The Sheep Promotion, Research, and Information Act of 1994 (Public Law 103-407) enabled domestic sheep producers and feeders and importers of sheep and sheep products to develop, finance, and carry out a nationally coordinated program for sheep and sheep product promotion, research, and information. The program is funded as a commodity checkoff program.

This law was enacted a year after passage of legislation to phase out the wool and mohair commodity programs (new support programs for wool and mohair were included in the Farm Security and Rural Investment Act of 2002 (P.L. 107-171), the 2002 farm bill.

The United States Department of Agriculture (USDA) was authorized to issue a sheep and wool promotion, research, education, and information order subject to approval referendums among producers, feeders, and importers. In a 1996 referendum, the proposed check-off program was defeated. About 53% of nearly 12,000 ballots opposed the order. This group represented 67% of the production that voted.

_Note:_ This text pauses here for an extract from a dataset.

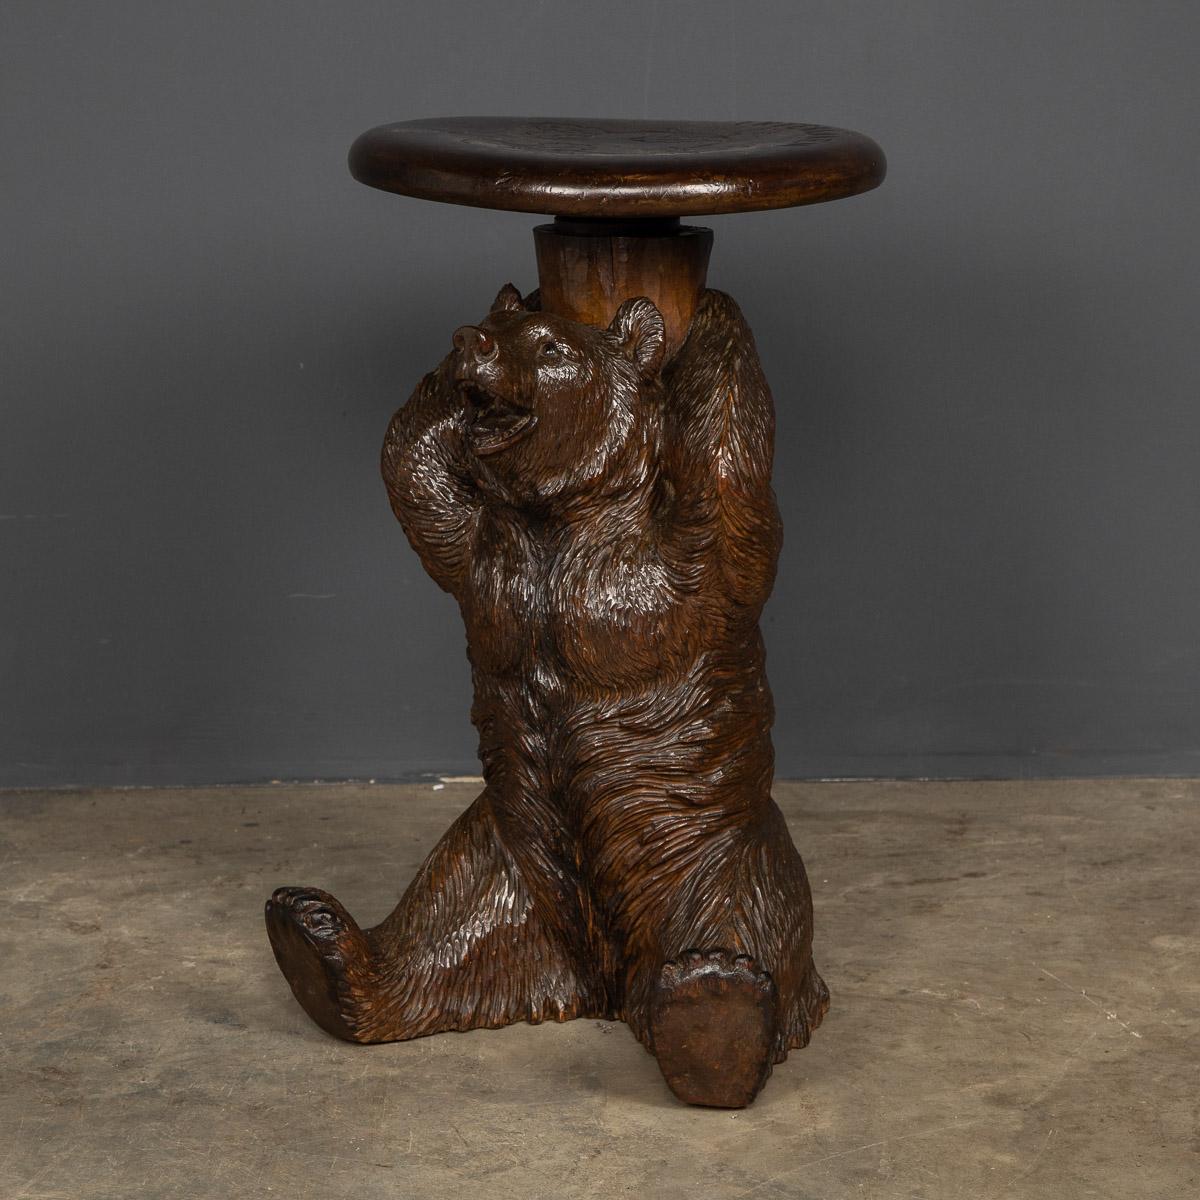 Antique 19th Century German Black Forest carved seated bear holding up a stool, set with glass eyes. Such items were usually bought back by tourists from the Swiss / German borders (the Black Forest) and were a fashionable home decoration accessory

==Government support for ovine industry==
===Checkoff===
The American Lamb Board collects from domestic producers $0.007 per pound of lamb and mutton and $0.42 per head. It spends to develop and expand the markets for sheep and sheep products. The board operates under the supervision of the United States Department of Agriculture Agricultural Marketing Service.

The Lamb Board was authorized by the Commodity Promotion, Research, and Information Act of 1996(P.L. 104-127). It was instantiated in 2002 by the Agricultural Marketing Service. The Board collects and spends $2.5 million in checkoff funds each year.

===Grants===
The Agricultural Marketing Service distributes grants to organizations that enhance the production and marketing of sheep and sheep products in the United States. The National Sheep Industry Improvement Center received $1.475 million in fiscal 2015.

The authority for the Sheep Production and Marketing Grant Program is found in section 12102 of the Agricultural Act of 2014 (P.L 113-79).

===History===
The Sheep Promotion, Research, and Information Act of 1994 authorized the establishment of a Lamb Board and a checkoff on meat and wool. In 1996, 53% of nearly 12,000 producers opposed it.